📝 About This Recipe
This luxurious breakfast bowl transforms humble chia seeds into a decadent, custard-like treat using the rich fats of full-fat coconut milk. Originating from ancient Aztec traditions and reimagined for the modern gourmet kitchen, this dish balances the floral notes of real vanilla bean with a hint of maple sweetness. It is the ultimate make-ahead meal that feels like dessert but fuels your body with omega-3s and fiber.
🥗 Ingredients
The Pudding Base
- 1/2 cup Black or White Chia Seeds (organic preferred for best absorption)

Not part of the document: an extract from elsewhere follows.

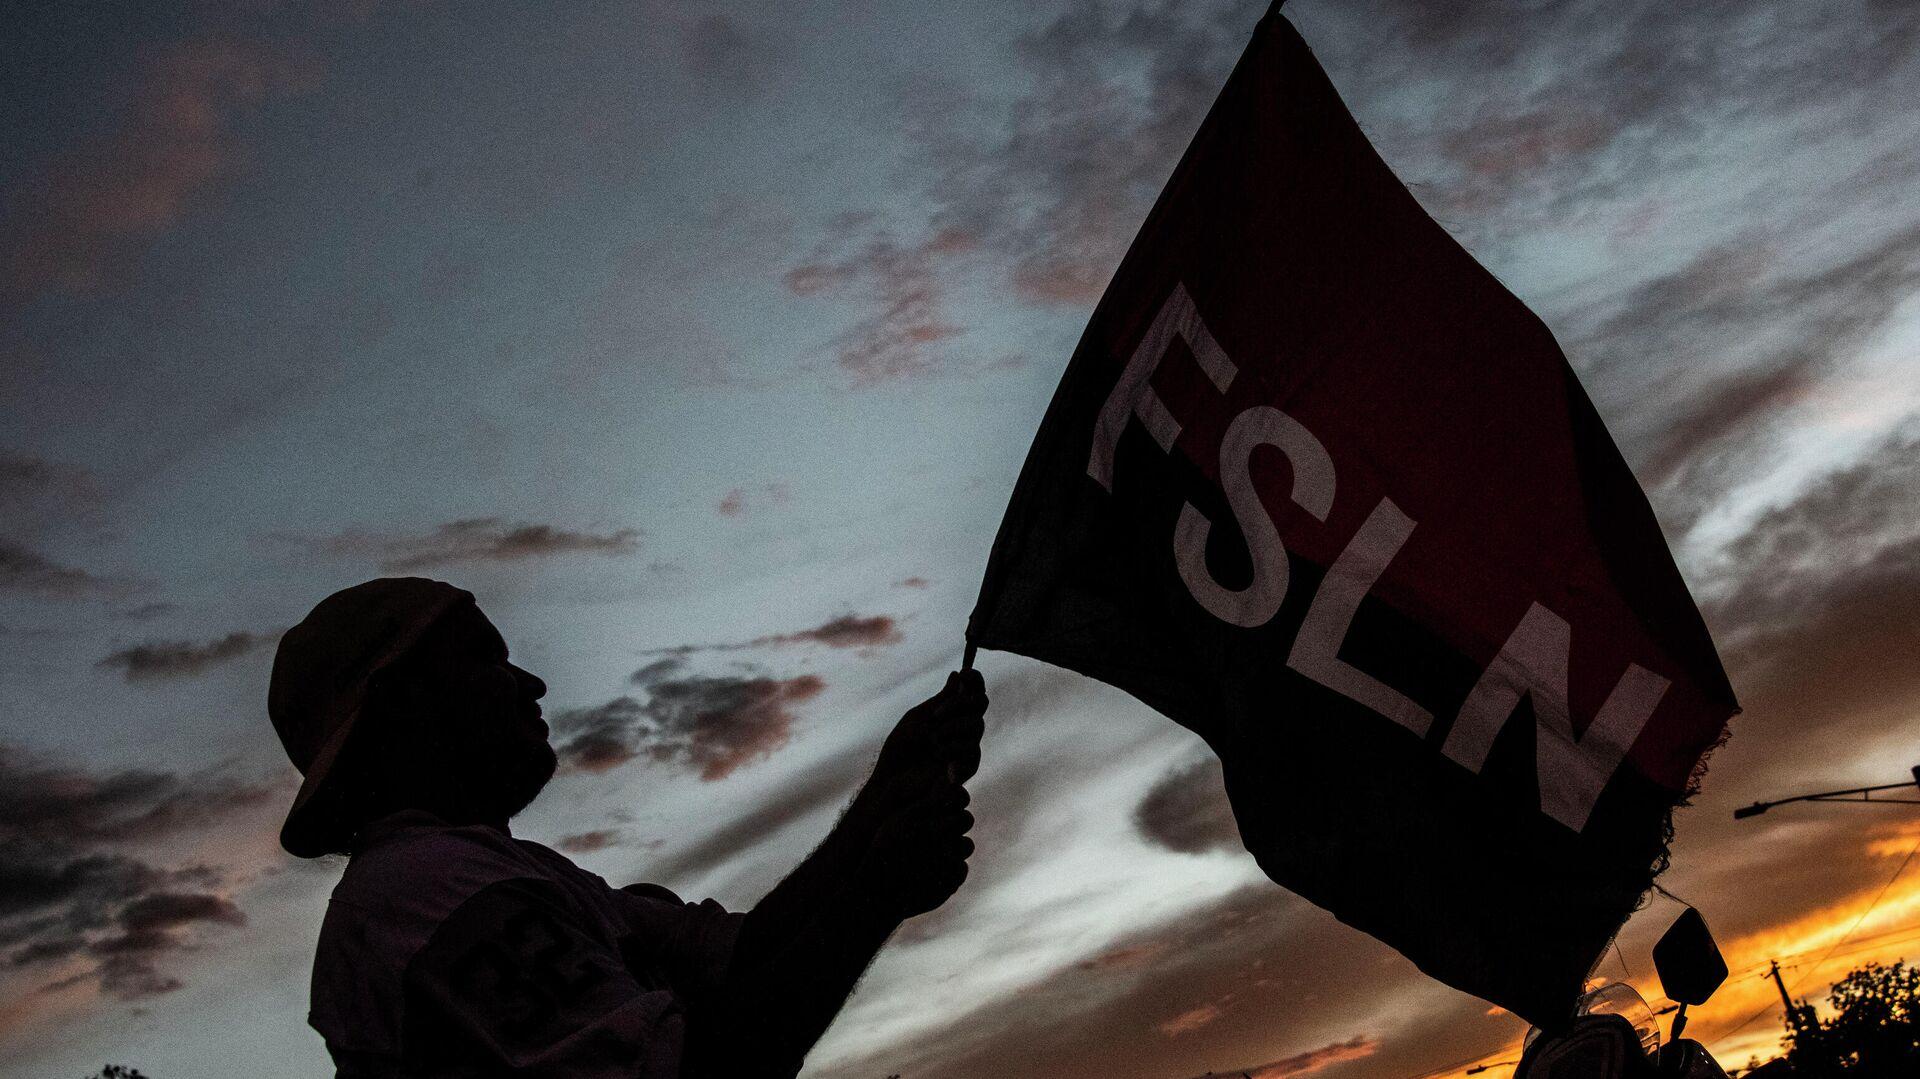 Un partidario del presidente nicaragüense Daniel Ortega ondea una bandera del Frente Sandinista de Liberación Nacional (FSLN) - Sputnik Mundo, 1920, 04.08.2021

- 1 can (13.5 oz) Full-Fat Coconut Milk (shaken well before opening)
- 1/2 cup Unsweetened Almond Milk (to lighten the consistency slightly)
- 3 tablespoons Pure Maple Syrup (adjust to desired sweetness)

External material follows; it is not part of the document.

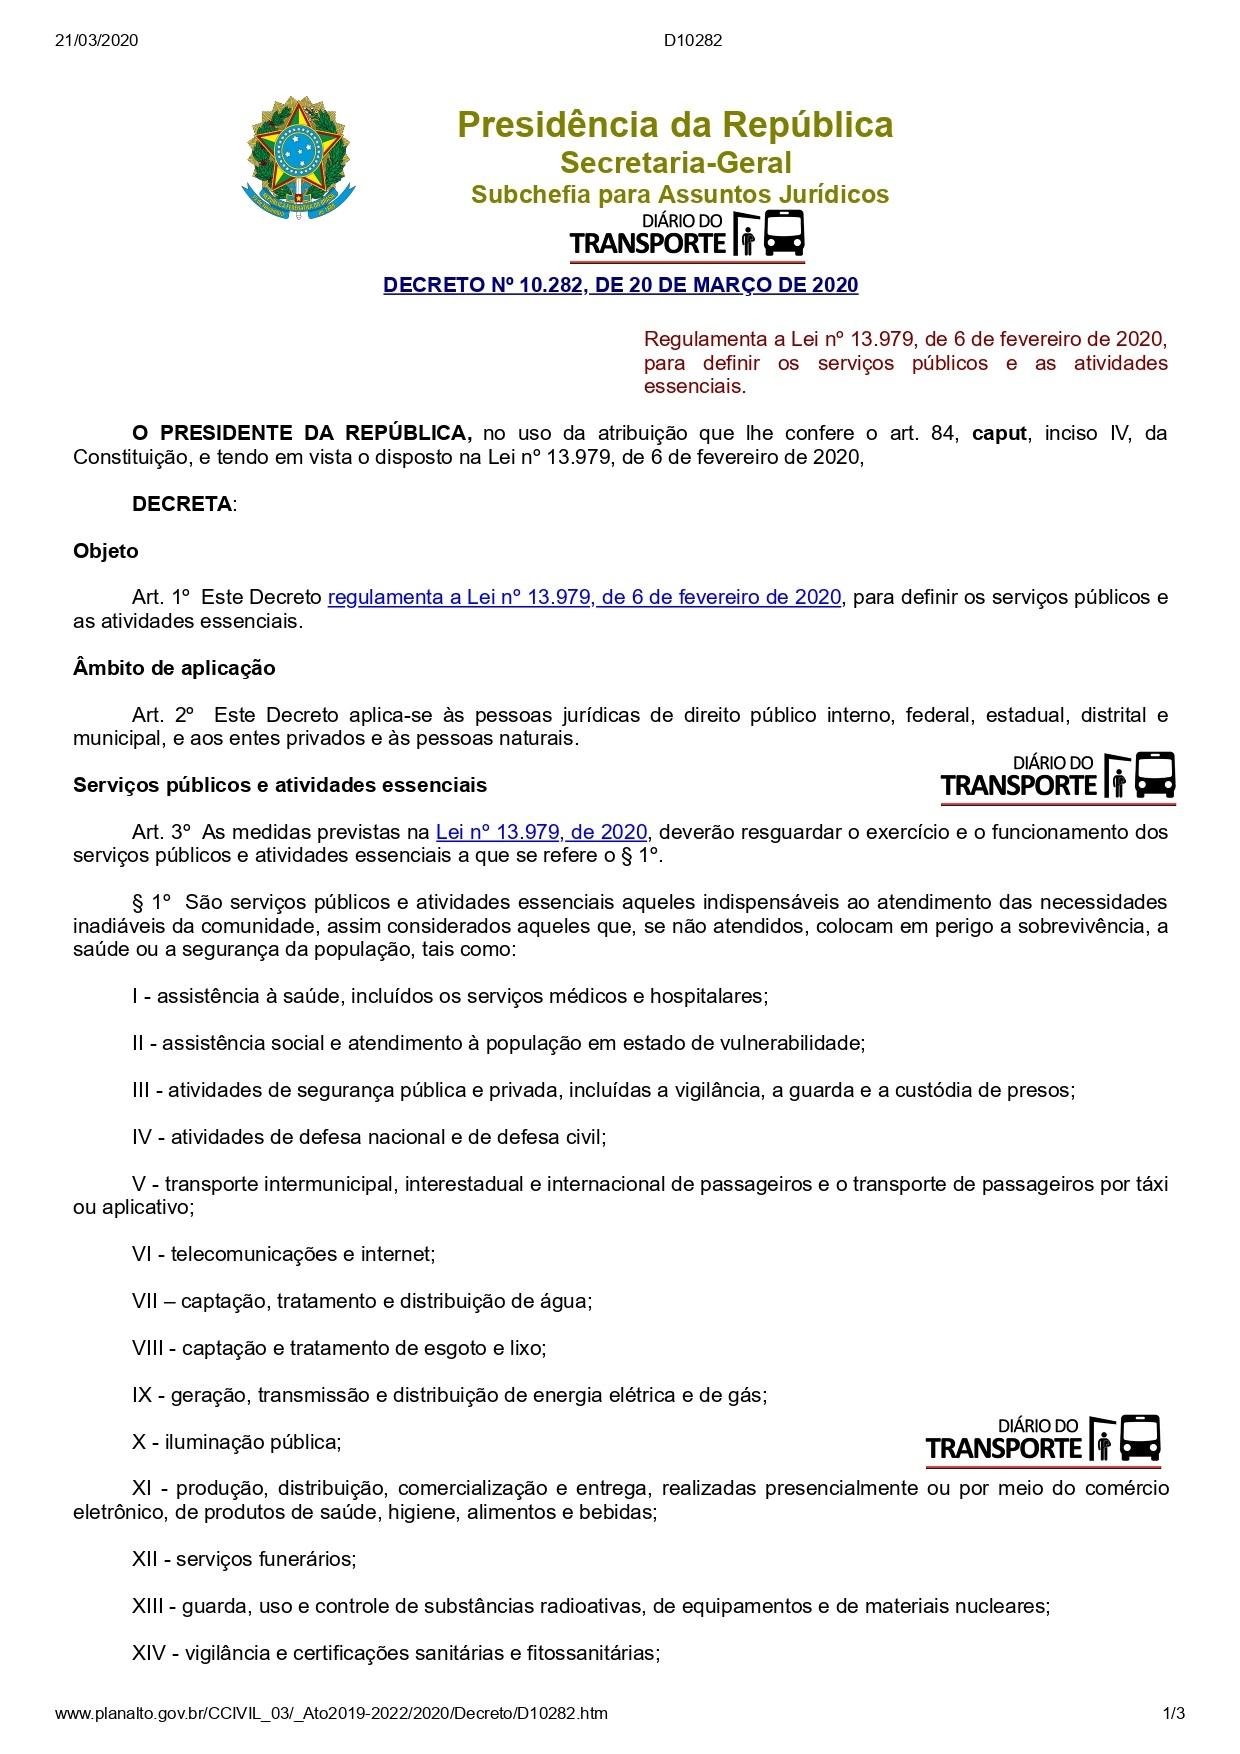 decreto_essecial_01

- 1 teaspoon Vanilla Bean Paste (or the seeds scraped from one pod)
- 1/8 teaspoon Sea Salt (to enhance the coconut flavor)
- 1/4 teaspoon Ground Cinnamon (for a subtle warm undertone)
Fresh Fruit & Texture
- 1 cup Fresh Mango (diced into small cubes)
- 1/2 cup Fresh Raspberries (washed and patted dry)
- 1/4 cup Toasted Coconut Flakes (unsweetened)
- 2 tablespoons Roasted Macadamia Nuts (roughly chopped)
The Finishing Touches
- 4-6 leaves Fresh Mint Leaves (for garnish)
- 1 tablespoon Hemp Hearts (for extra protein and crunch)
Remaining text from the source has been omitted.